=== GIVEN DATA ===
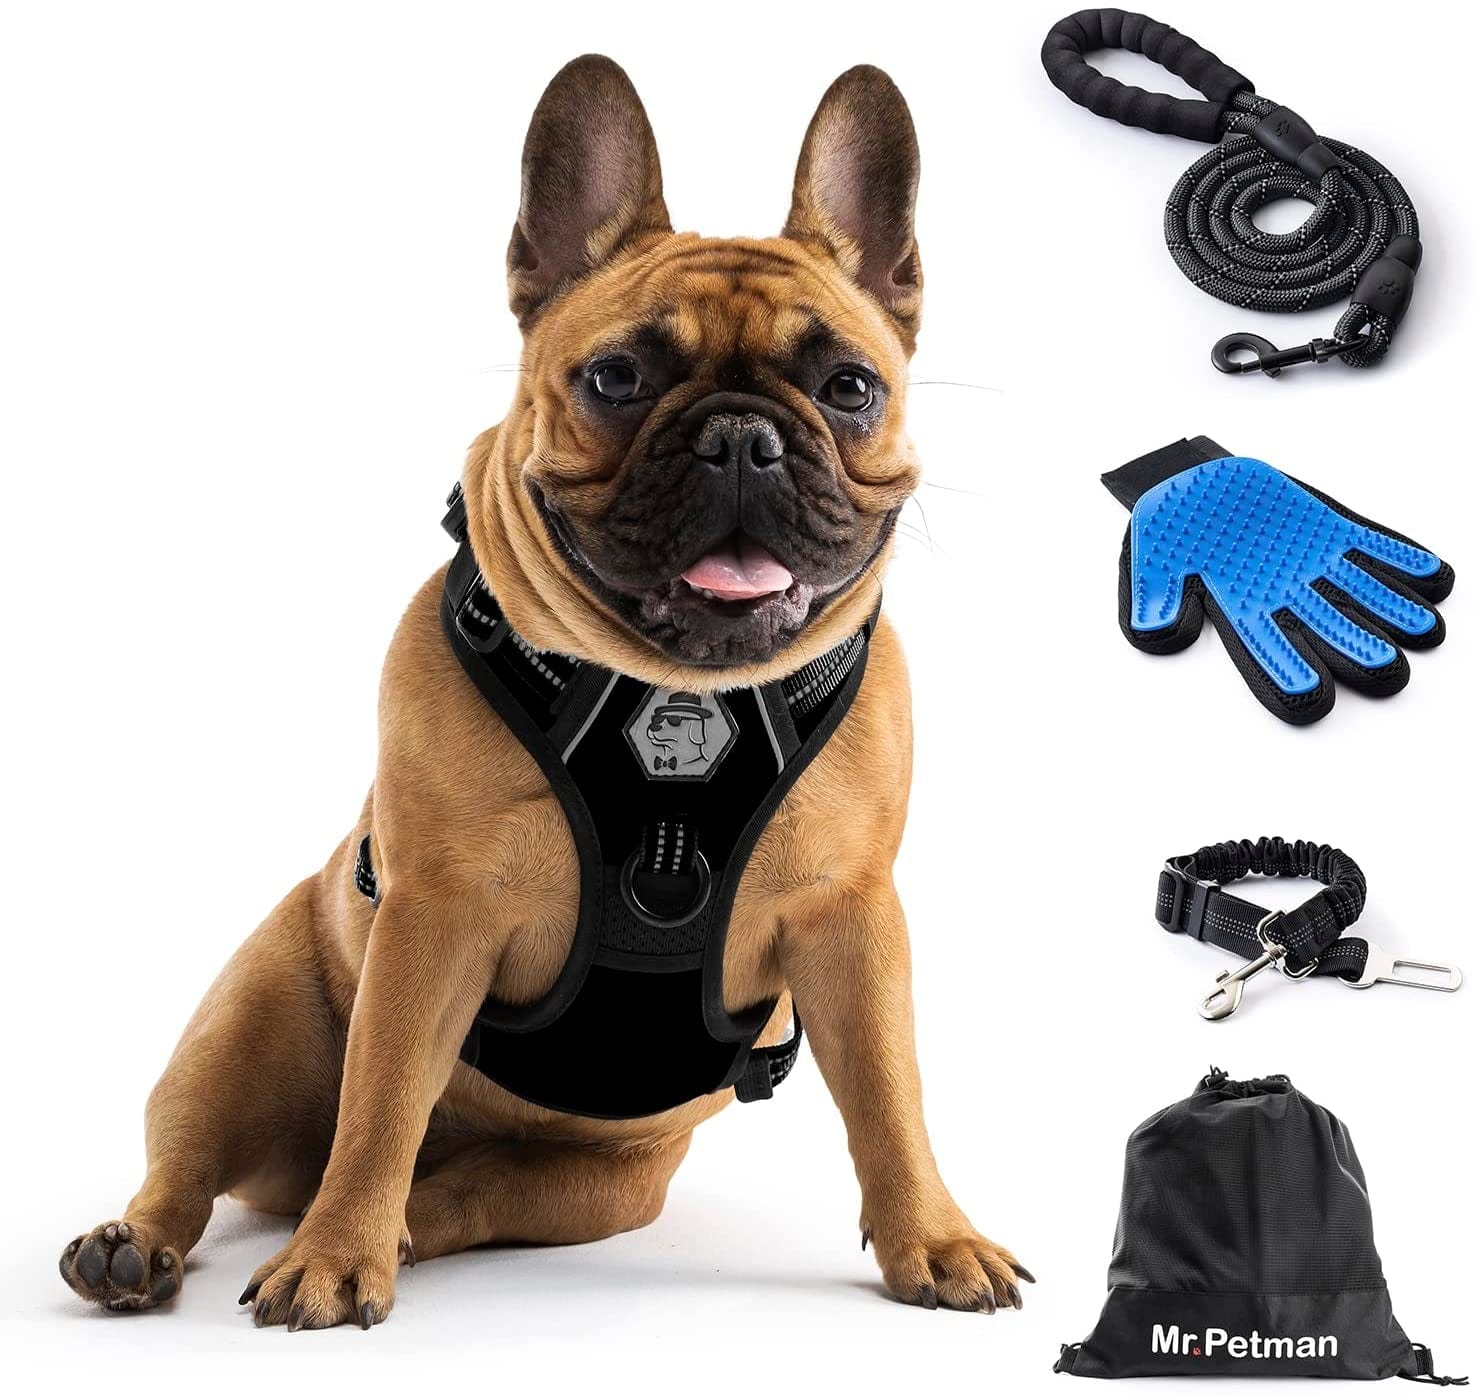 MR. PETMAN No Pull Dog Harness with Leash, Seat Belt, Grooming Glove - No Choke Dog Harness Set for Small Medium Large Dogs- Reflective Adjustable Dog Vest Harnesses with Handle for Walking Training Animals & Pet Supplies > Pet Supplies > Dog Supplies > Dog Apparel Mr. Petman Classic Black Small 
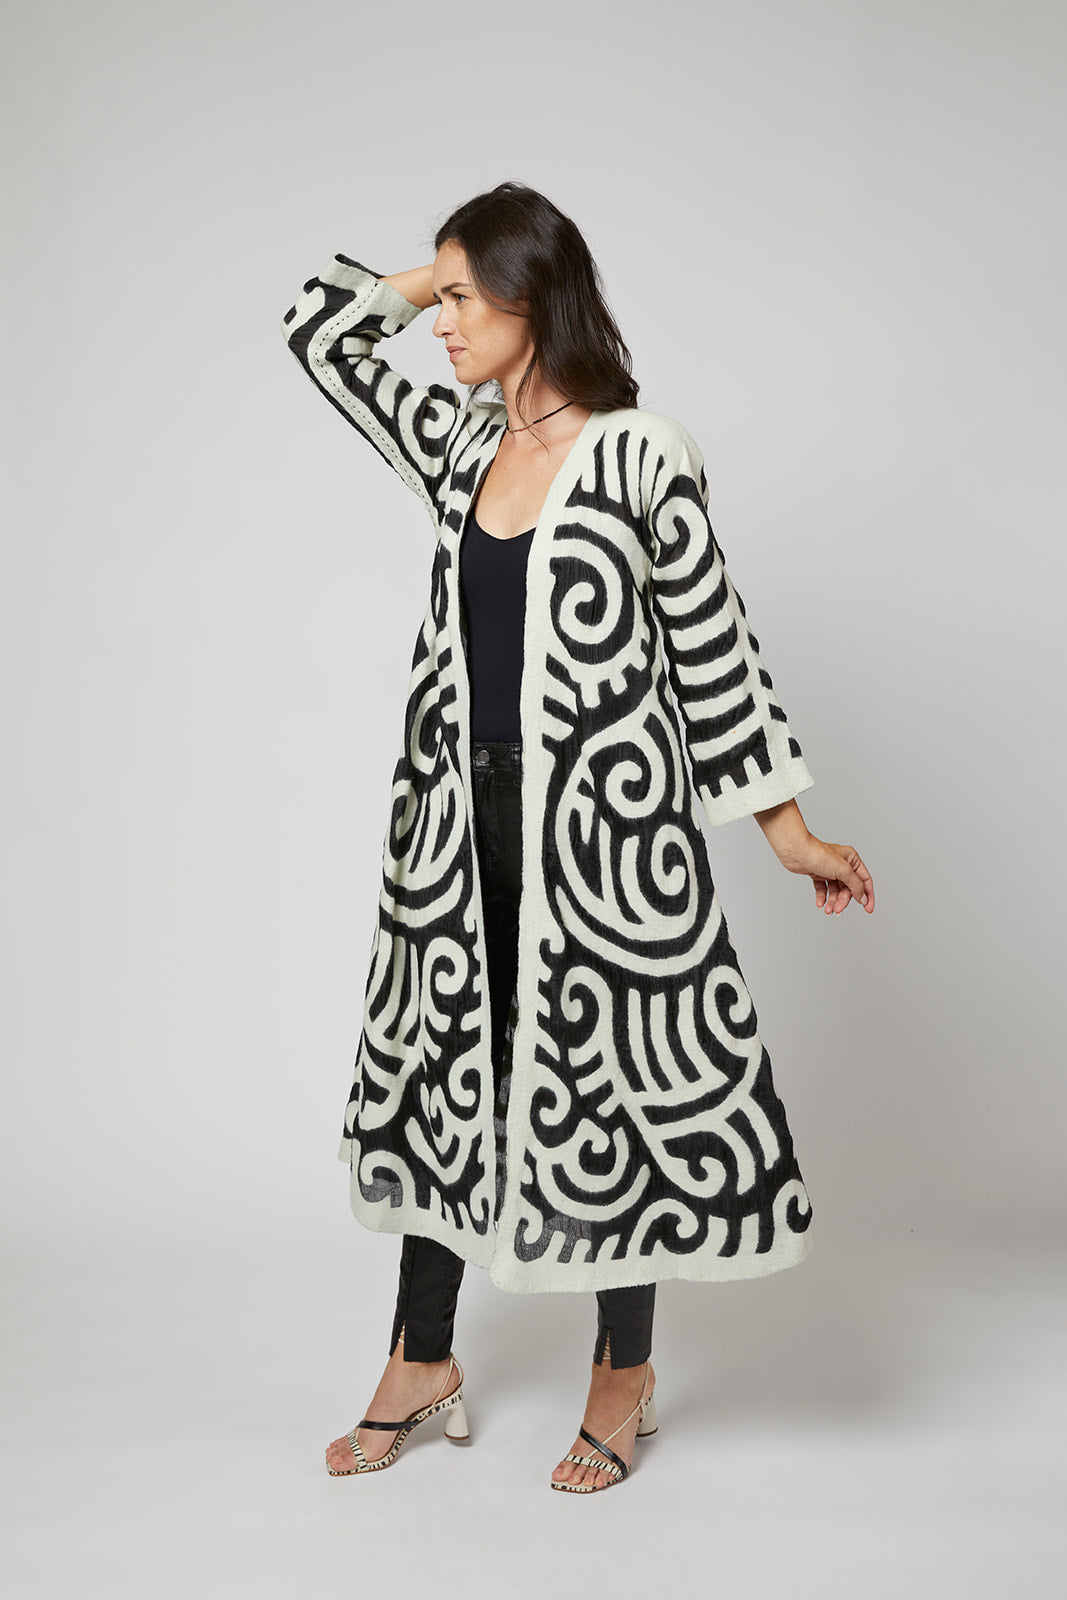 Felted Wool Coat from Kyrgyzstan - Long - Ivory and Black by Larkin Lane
---
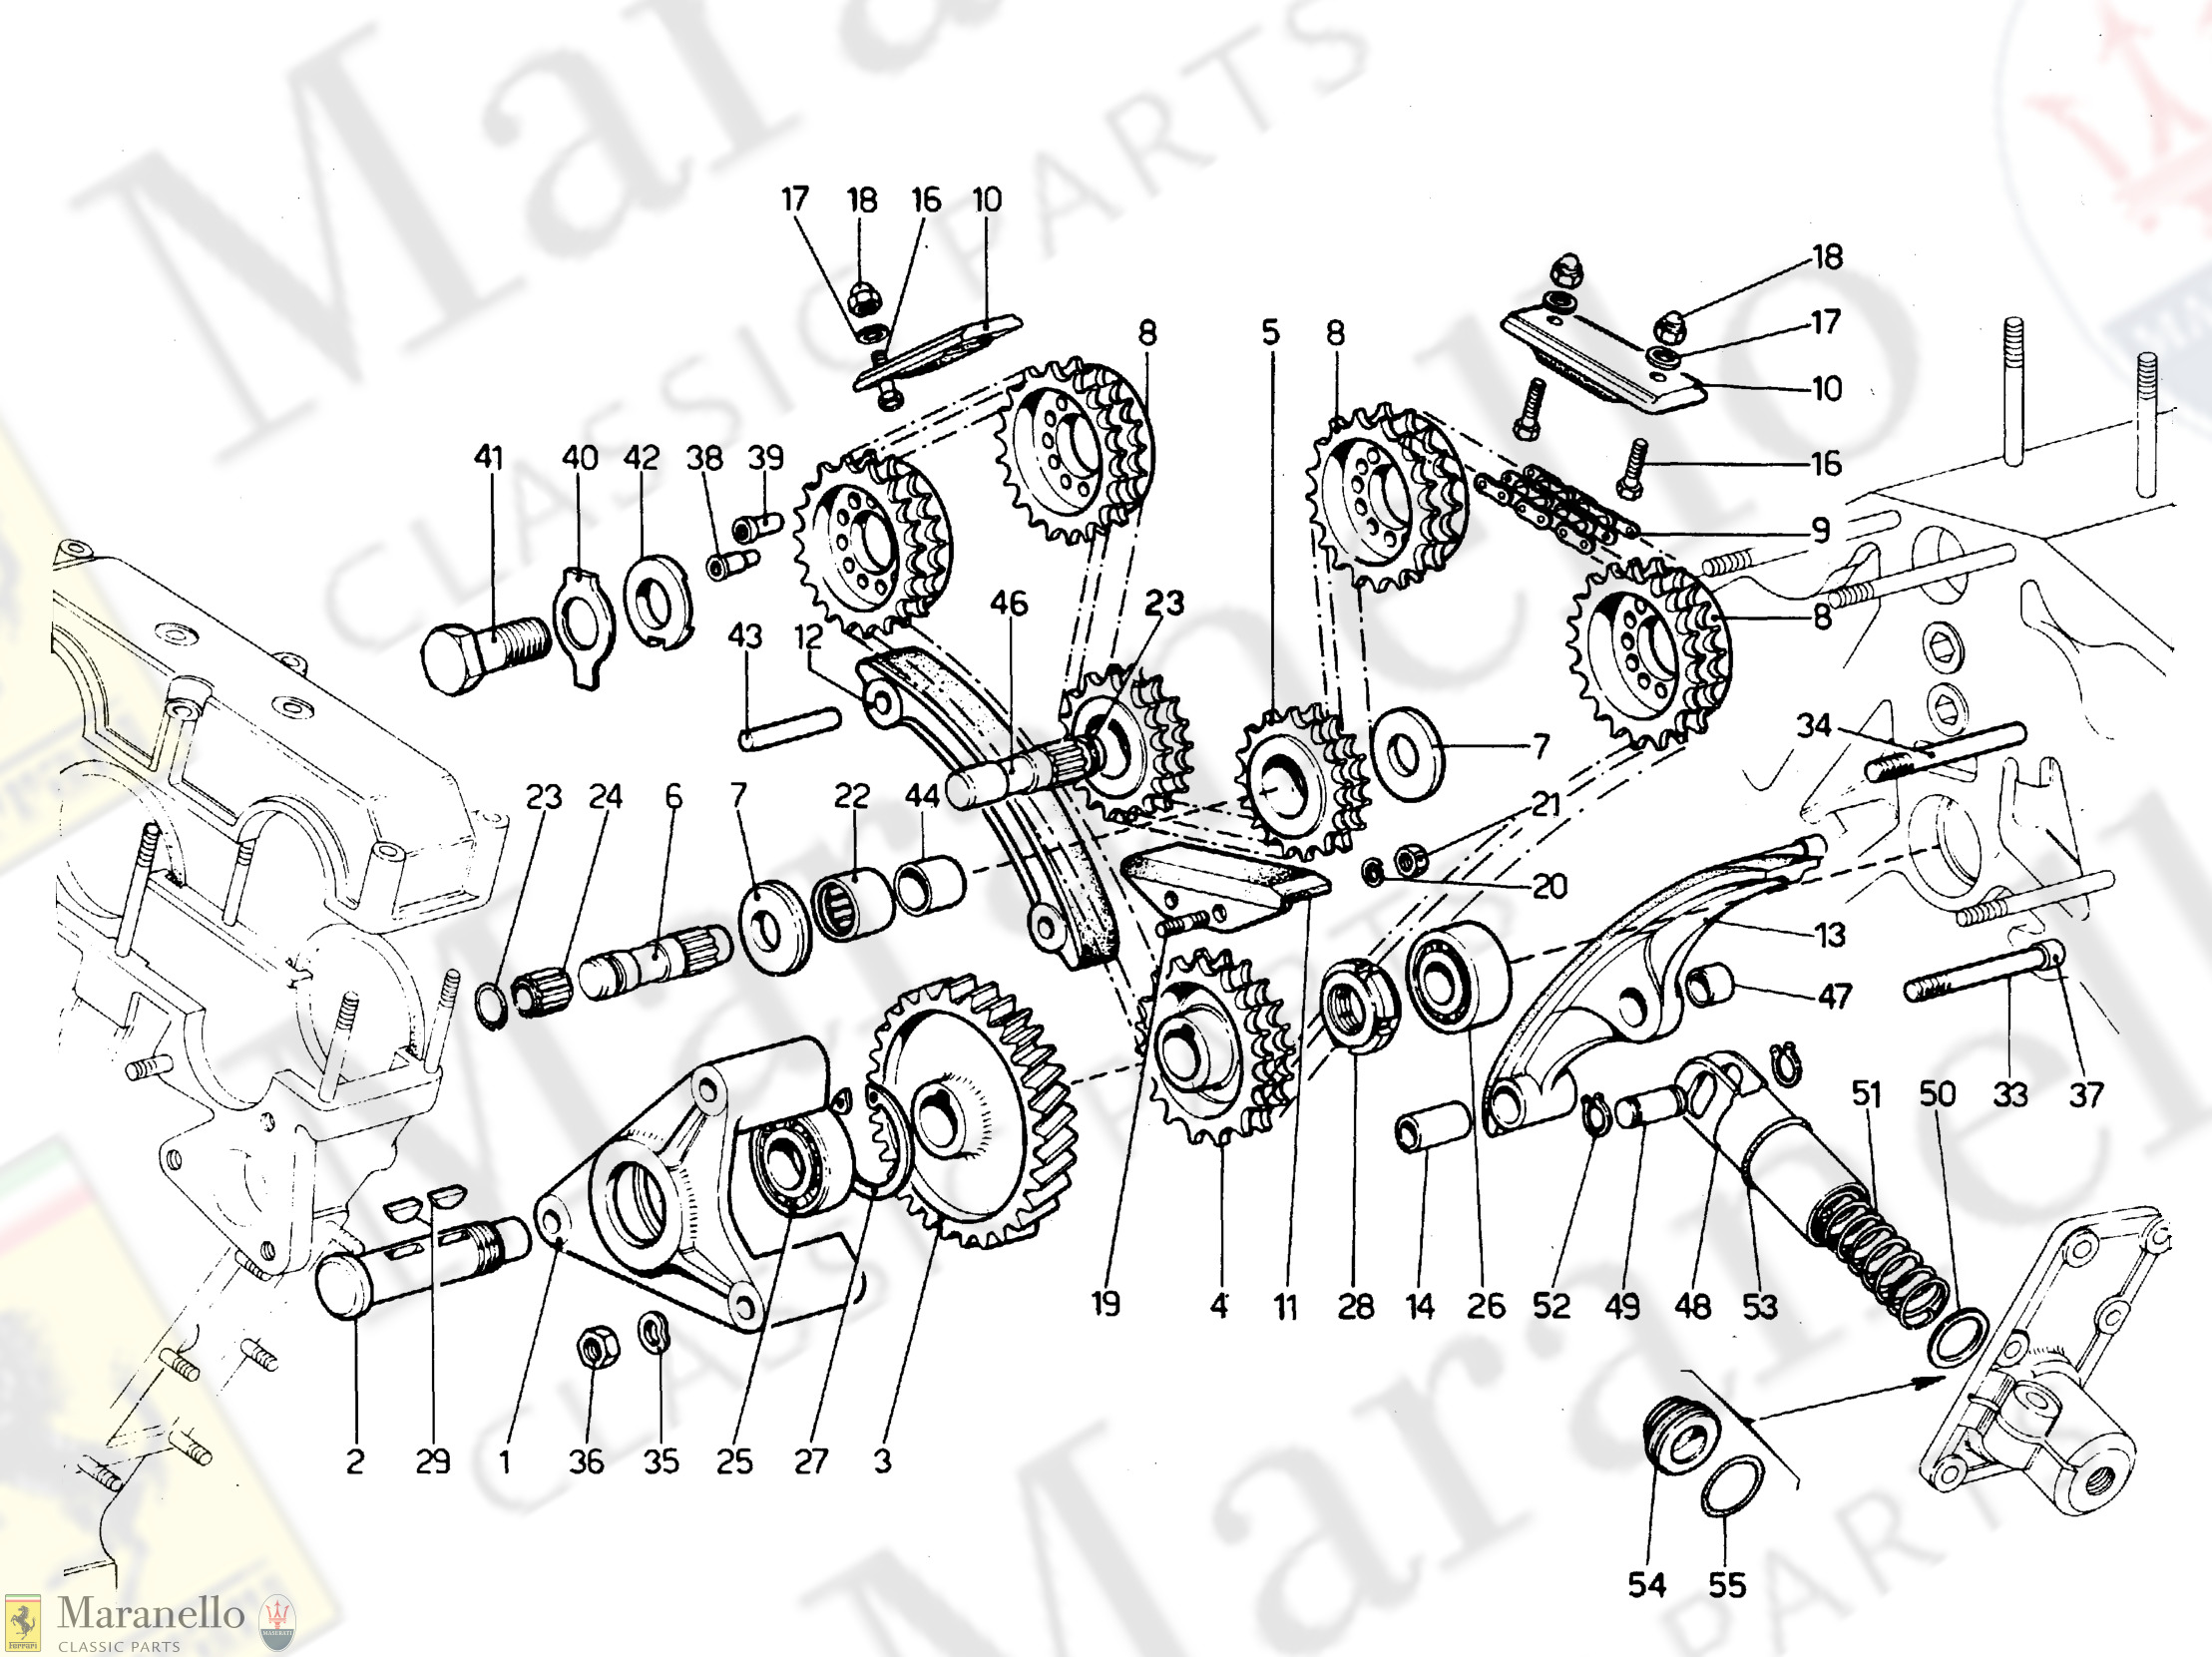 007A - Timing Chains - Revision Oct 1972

=== EXERCISE PROMPT ===
The line holding "MR. PETMAN No" starts the copy and the line holding "Felted Wool Coat" ends it. Repeat those two lines above and all between them exactly, leaving out pictures.

=== RESULT OF THE EXERCISE ===
 MR. PETMAN No Pull Dog Harness with Leash, Seat Belt, Grooming Glove - No Choke Dog Harness Set for Small Medium Large Dogs- Reflective Adjustable Dog Vest Harnesses with Handle for Walking Training Animals & Pet Supplies > Pet Supplies > Dog Supplies > Dog Apparel Mr. Petman Classic Black Small 
 Felted Wool Coat from Kyrgyzstan - Long - Ivory and Black by Larkin Lane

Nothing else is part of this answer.